→ Collected material
══════════
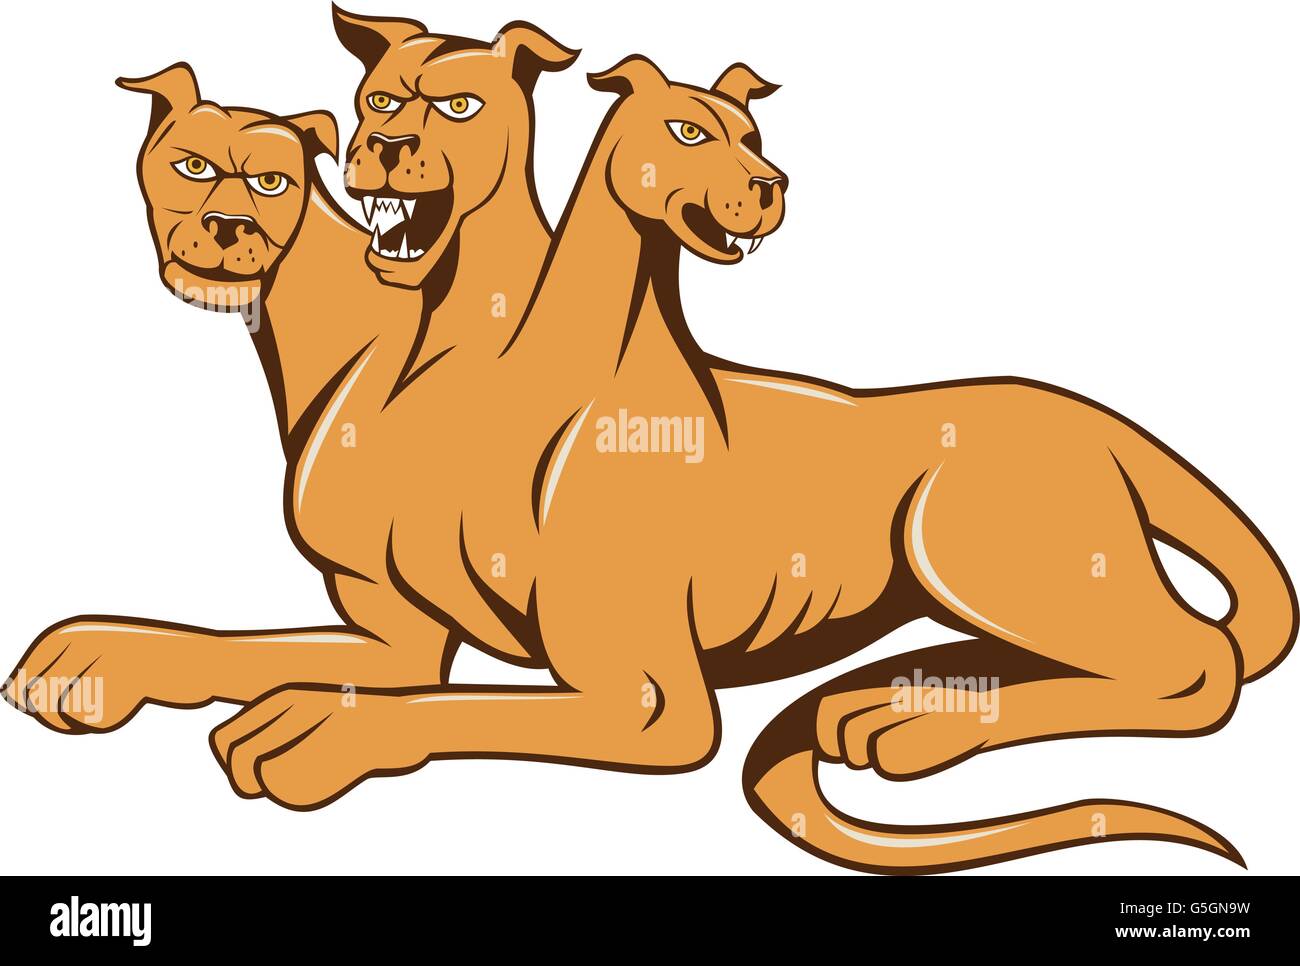 Illustrazione di cerberus, nella mitologia greca e romana, un multi-guidato in genere di tre teste di cane o hellhound con un serpente t Illustrazione Vettoriale
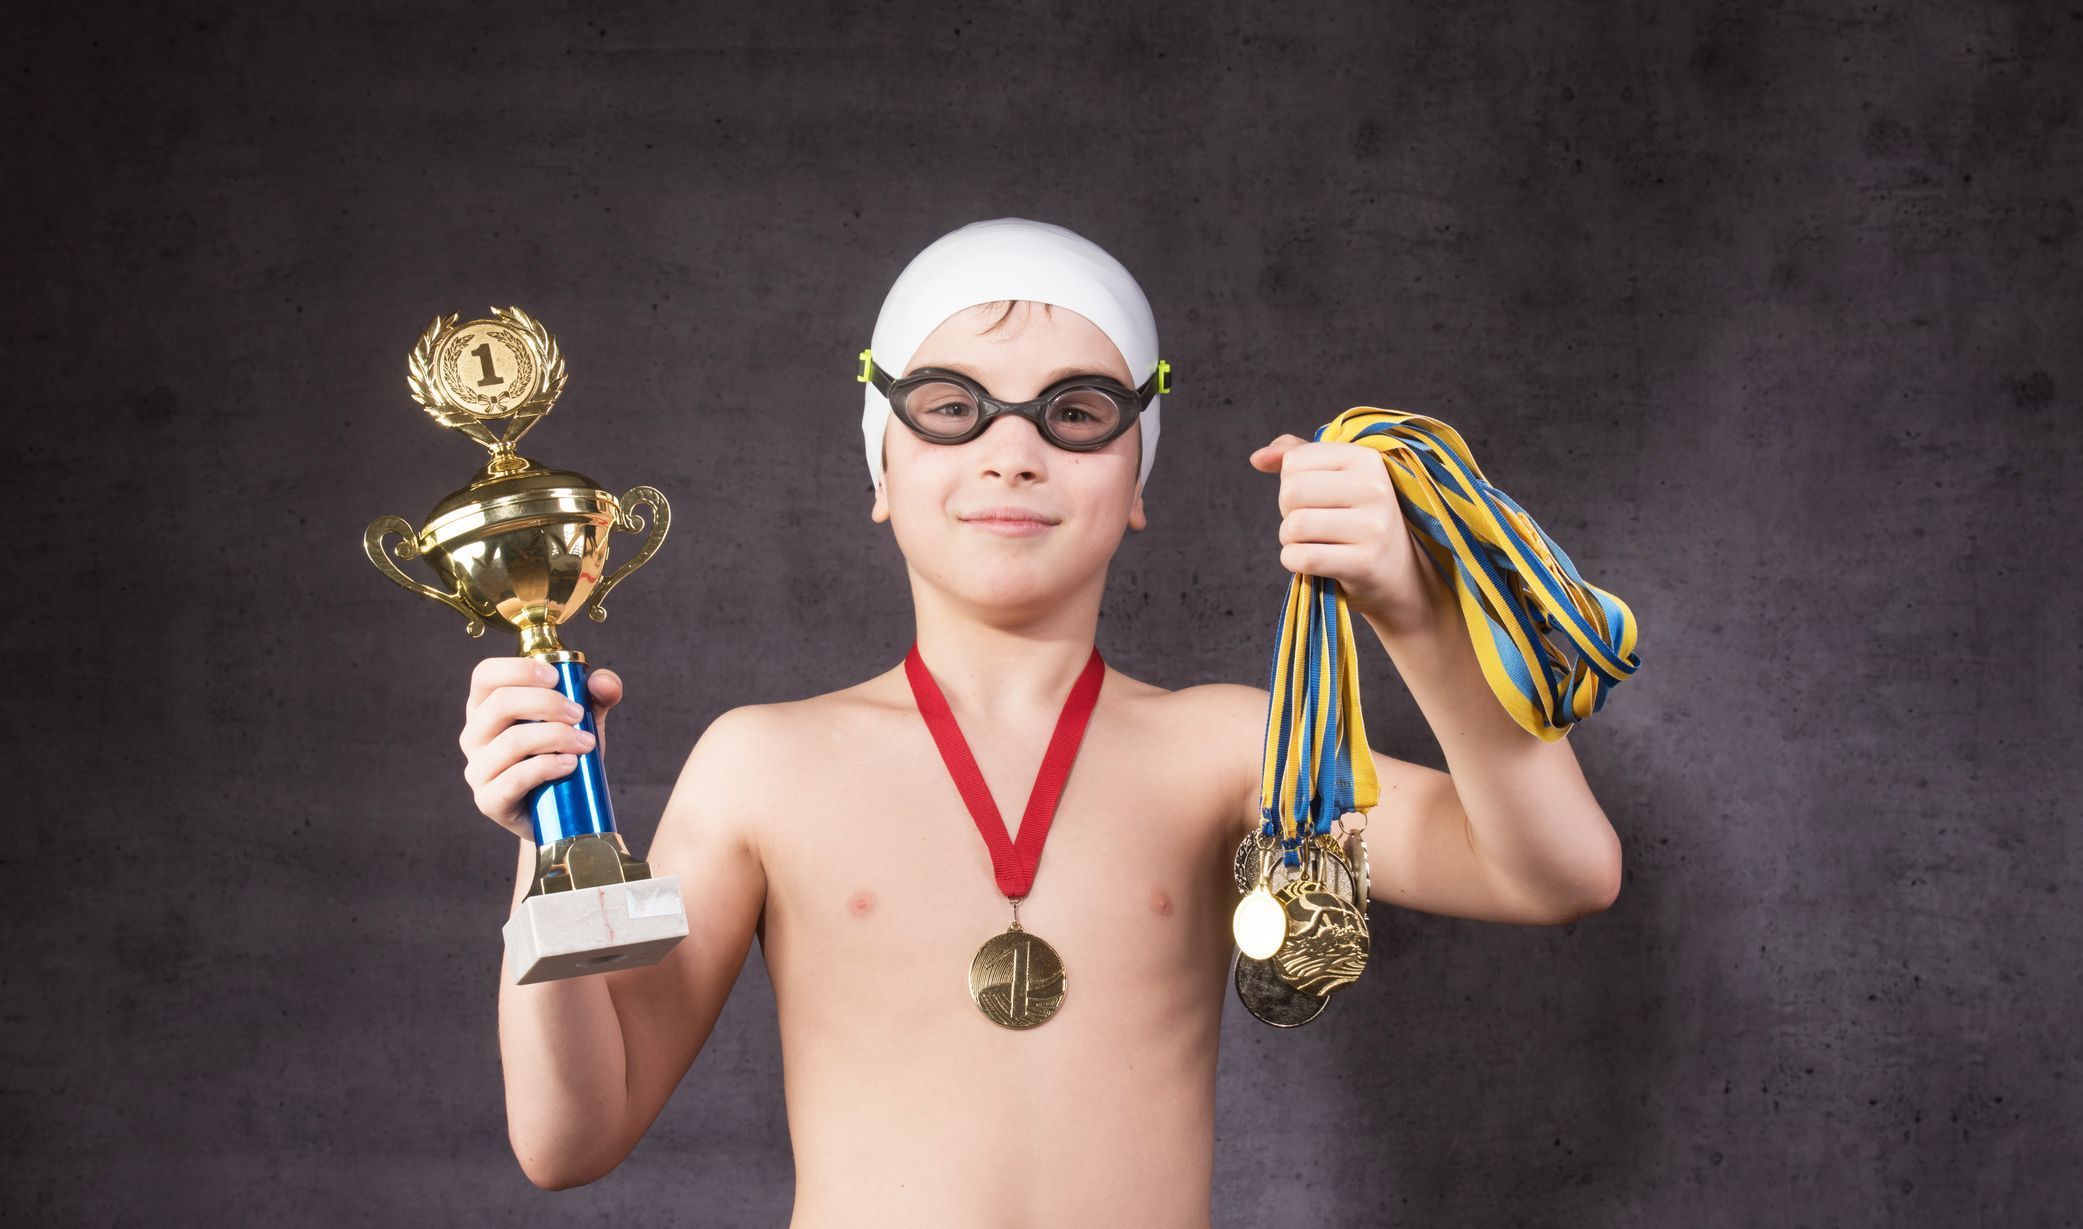 Dítě - talent - úspěch - medaile - vítězství - plavání - plavec - sport
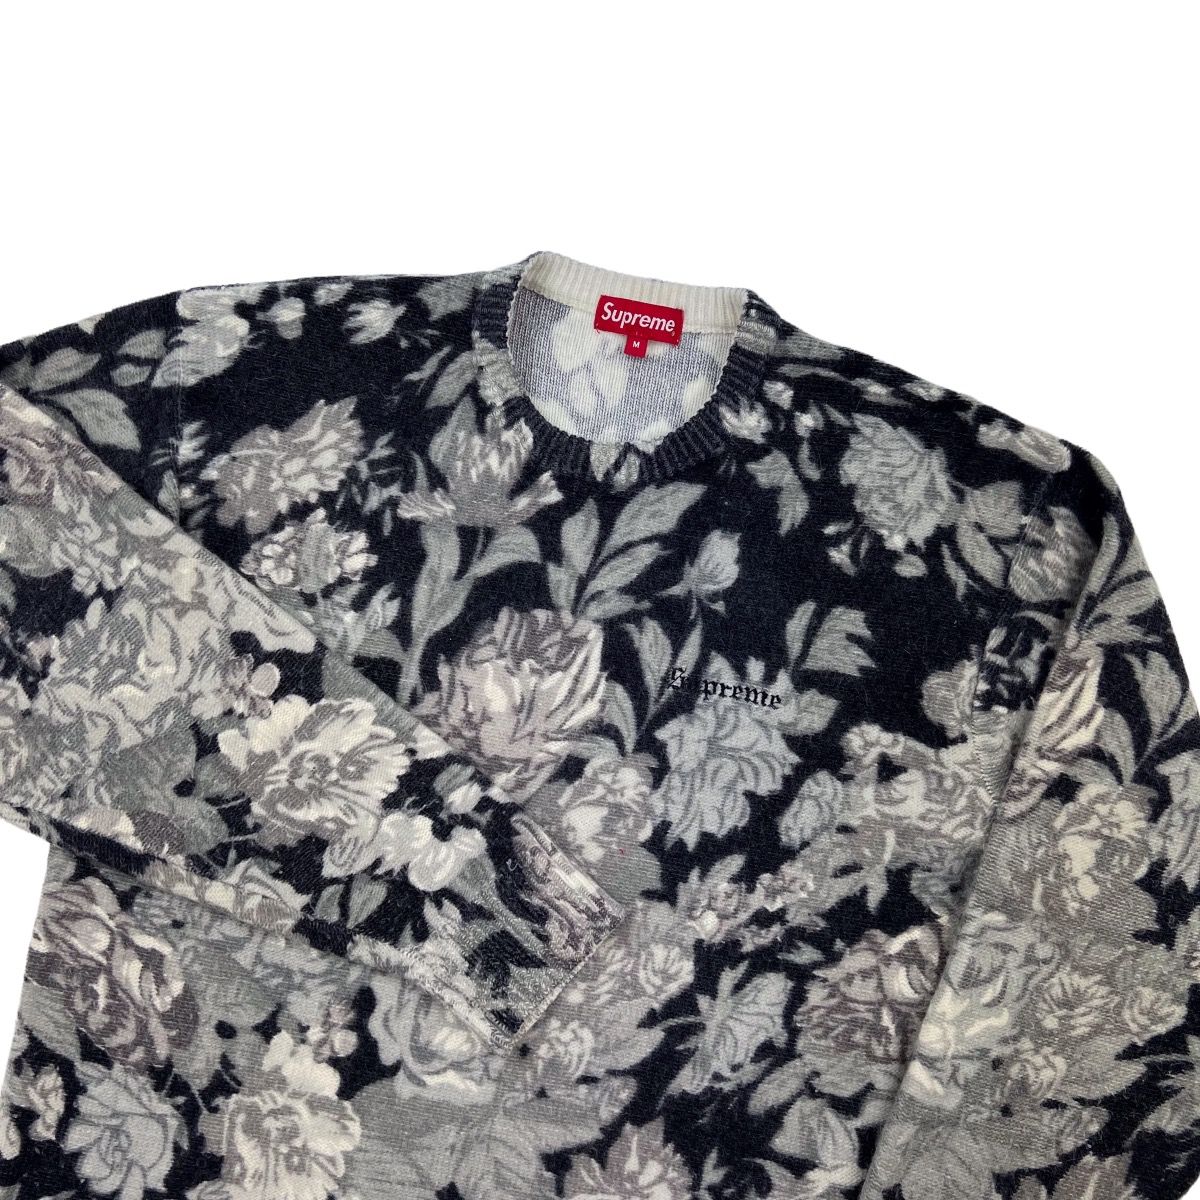 Supreme Supreme Floral Angora Sweater | Grailed
══════════
→ Instructions to follow
Reproduce all of the data exactly, omitting each picture it holds.

→ Task result
 Illustrazione di cerberus, nella mitologia greca e romana, un multi-guidato in genere di tre teste di cane o hellhound con un serpente t Illustrazione Vettoriale
 Dítě - talent - úspěch - medaile - vítězství - plavání - plavec - sport
 Supreme Supreme Floral Angora Sweater | Grailed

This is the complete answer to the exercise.